The issuance of the Merger Consideration is full consideration for the acquisition of the North South Patent Portfolio and will not have any effect (other than a dilutive effect, as further discussed below) upon the rights of existing security holders. The issuance of the Merger Consideration will have a significant dilutive effect on our existing security holders. Subsequent to the consummation of the Merger, we will have outstanding: 1,268,308 shares of Common Stock; 1 share of Series B Preferred Stock convertible into 1 share of Common Stock; 70,389 shares of Series C Preferred Stock convertible into an aggregate of 70,389 shares of Common Stock; 1,488,152 shares of Series D Preferred Stock convertible into an aggregate of 14,881,520 shares of Common Stock; 100,000 shares of Series E Preferred Stock convertible into an aggregate of 100,000 shares of Common Stock; warrants to purchase an aggregate of 116,708 shares of Common Stock and options to purchase aggregate of 2,019,062 shares of Common Stock. Upon the closing of the Merger, the existing shareholders of the Company will hold approximately 90.6% of the issued and outstanding Common Stock of the Company and approximately 6.2% of the outstanding Common Stock of the Company on a fully diluted basis ( without regard to any beneficial or conversion limitations of the outstanding convertible securities) and the shareholders of North South will hold approximately 9.3% of the outstanding Common Stock of the Company and will hold 15,000,003 shares of the Company's Common Stock or approximately 81% of the outstanding Common Stock on a fully diluted basis, assuming the conversion of the Series D Preferred Stock issued under the Merger Agreement (without regard to an beneficial ownership or conversion limitations contained therein), The Company's 100,000 shares of Series E Preferred Stock were issued to North South on June 25, 2013 for a purchase price of $500,000 in a private placement transaction.

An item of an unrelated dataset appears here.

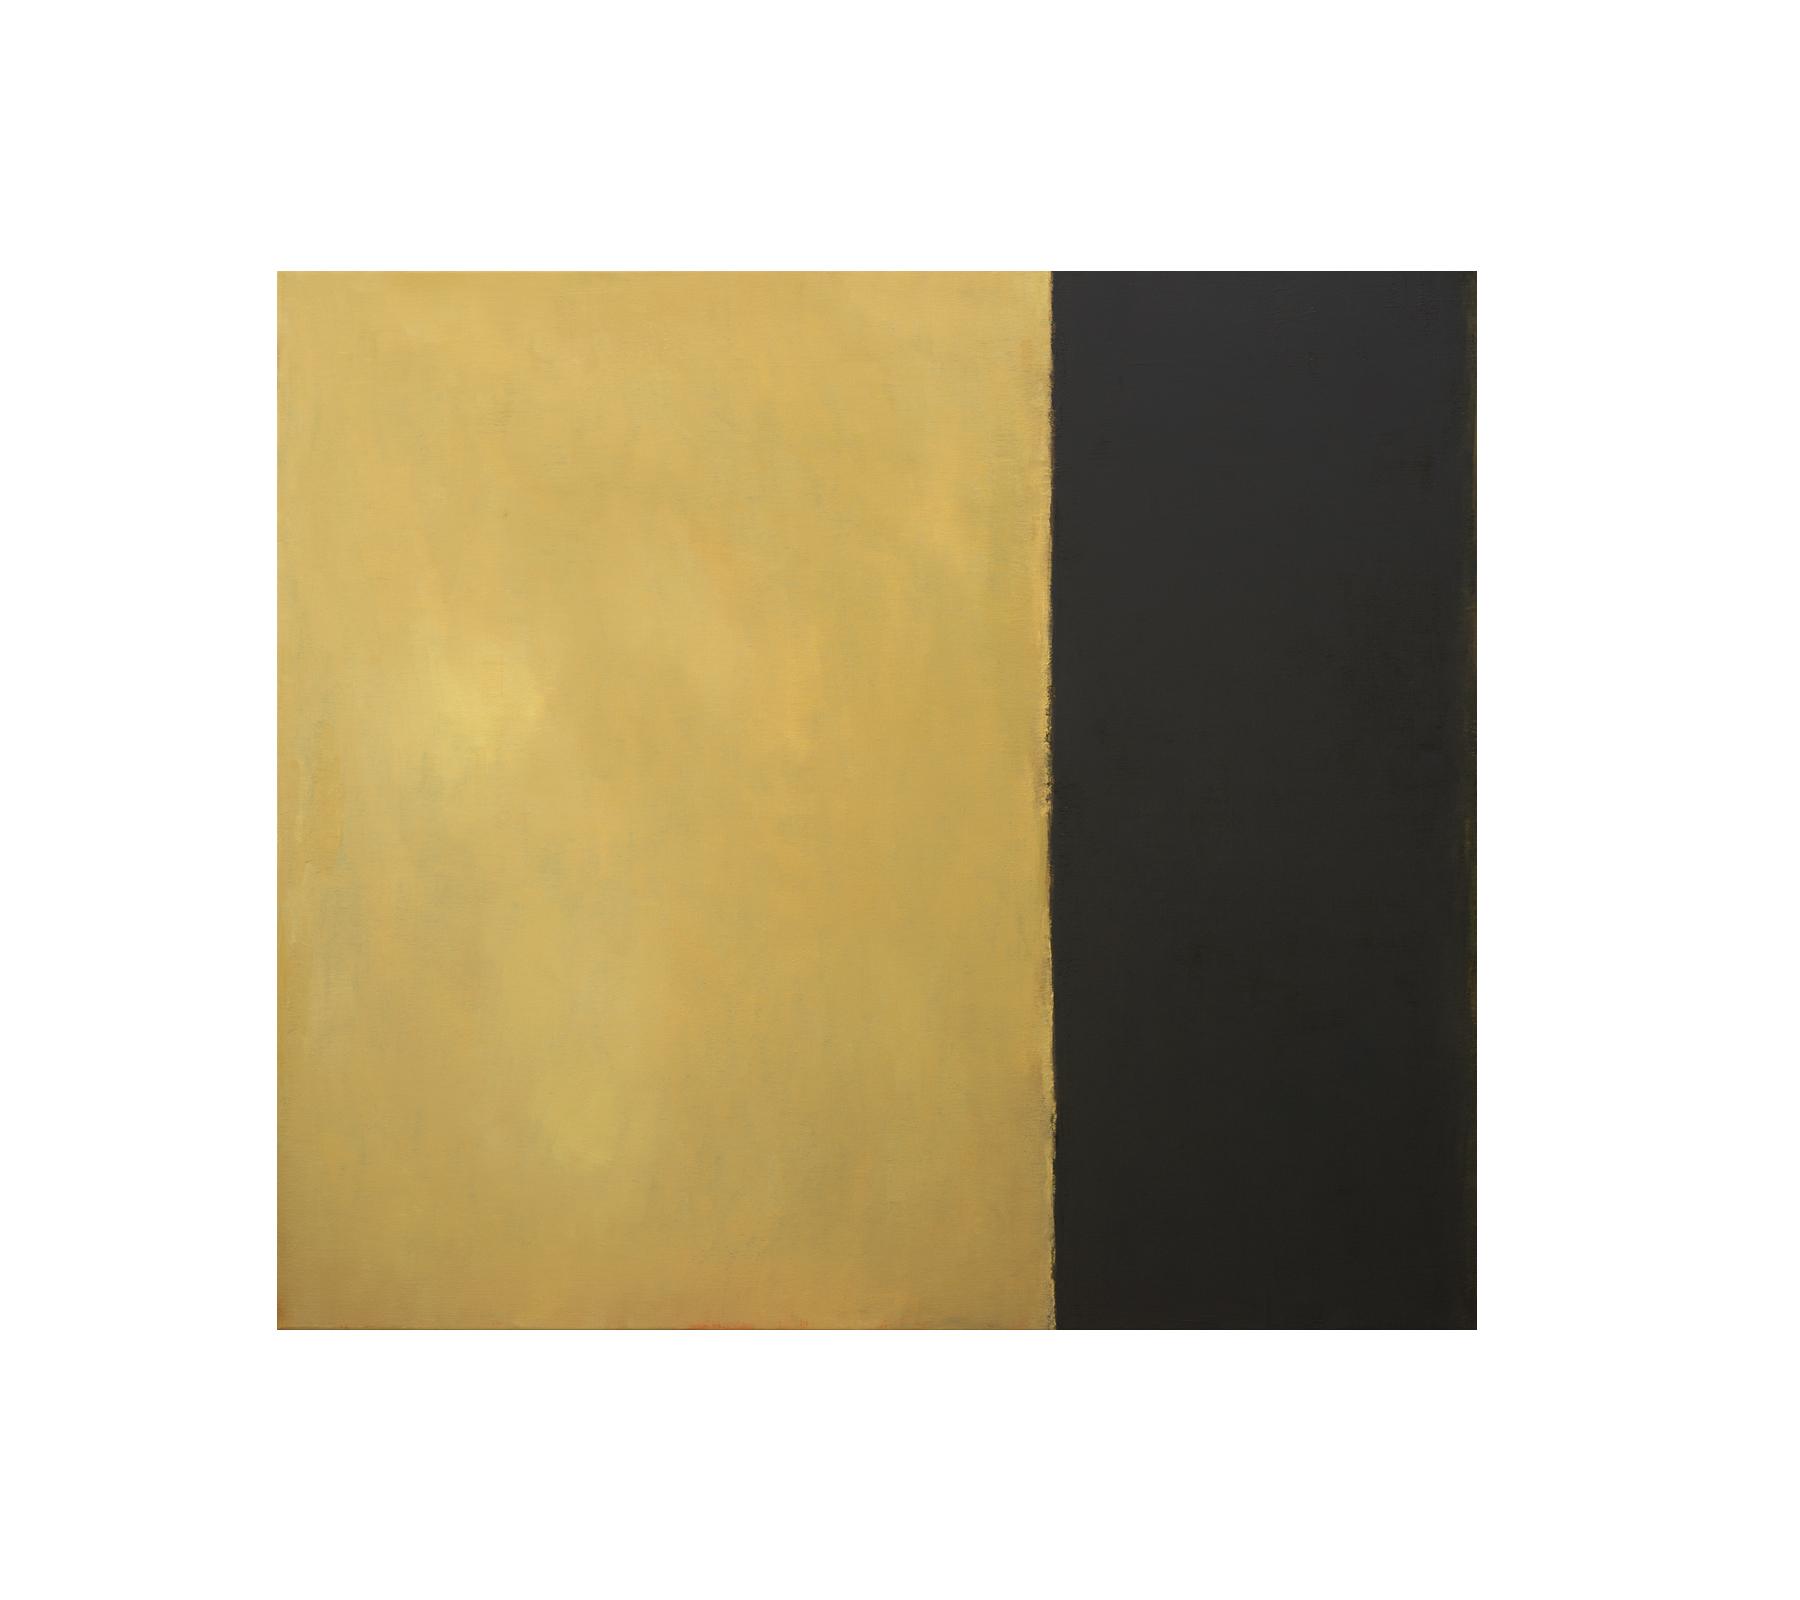 Untitled 2018 150x170cm

Anthony Hayes is the Chief Executive Officer of North South and North South's executive offices are located at 110 Greene Street, Suite 403, New York, NY 10012. On May 4, 2013, we entered into a consulting agreement with Mr. Hayes in order to facilitate the transitioning of the oversight of North South's patents, licenses and applications (the "North South Intellectual Property") to us in consideration for (i) a cash payment of $30,000 and (ii) a ten year option to purchase 750,000 shares of our Common Stock at a per share purchase price of $7.08, subject to certain vesting requirements and satisfaction of certain conditions.